Overall Satisfaction with Splunk Enterprise Security (ES)

We implement ES for banks, government orgs, and enterprises globally. We have specialised in the banking domains and have customised many use cases for banking specific use cases in our projects.
  • Extending capabilities to 3rd-party integrations.
  • Customisation of use cases.
  • Bringing in custom log sources and integrating these into security use cases.
  • High performance, enterprise-grade, security analytics at high volumes.
  • ES on the cloud (SaaS) has too many limitations with platform administration.
  • Supported integrations are not always on par with enterprise support especially when dependent on 3rd-party proprietary APIs.
  • In later versions, unforeseen glitches seem to show up that have no resolution except version upgrade. This used to not be the case in prior versions which were very stable.
  • We have a 100% success rate on all our ES implementations due to the amazing documentation and Splunk enablement on the subject.
  • Our Splunk ES business has grown 100% YoY for the last 3 years.
  • In terms of long term management and maintenance, ES has been highly stable and predictable, reducing our overhead on costly services team for ad hoc maintenance work.
Overall scalability of Splunk ES is par excellence. We have implemented solutions in on-prem, cloud, and hybrid mode and have had success in all.

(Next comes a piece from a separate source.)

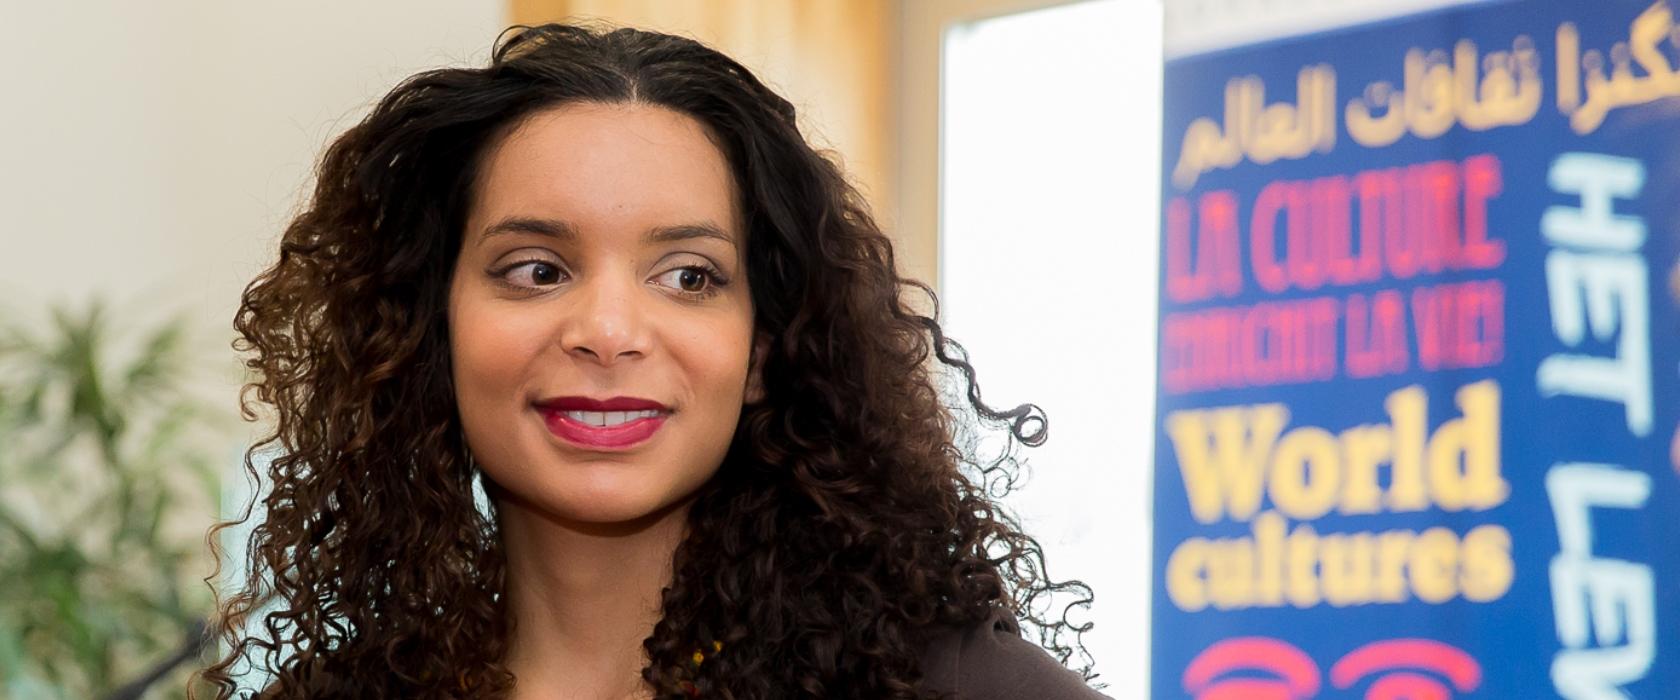 Women Unlimited www.denozem.com (257 van 369)

There is plenty of room for improvement in the Splunk SaaS offering for ES and this needs to be addressed before things become difficult for Splunk SaaS customers. Migration from Splunk on-prem to Splunk SaaS is documented and straightforward, however there is a gap in documentation and SOP for migration from self-hosted cloud deployments to Splunk SaaS for ES.
Securonix does not nearly meet the scale, extensibility, and maturity that Splunk ES offers. However, when looking at the MSP architecture options, Securonix is a much more flexible platform for multi-tenanting. So, Splunk ES for captive SOC platforms and Securonix for MSP/multi-tenant platform is the go-to approach. QRadar is an excellent option for low-budget, standard SIEM use case customers. However, it cannot match up to the extensibility and customisation that Splunk ES provides especially for advanced use cases and non-standard data sources.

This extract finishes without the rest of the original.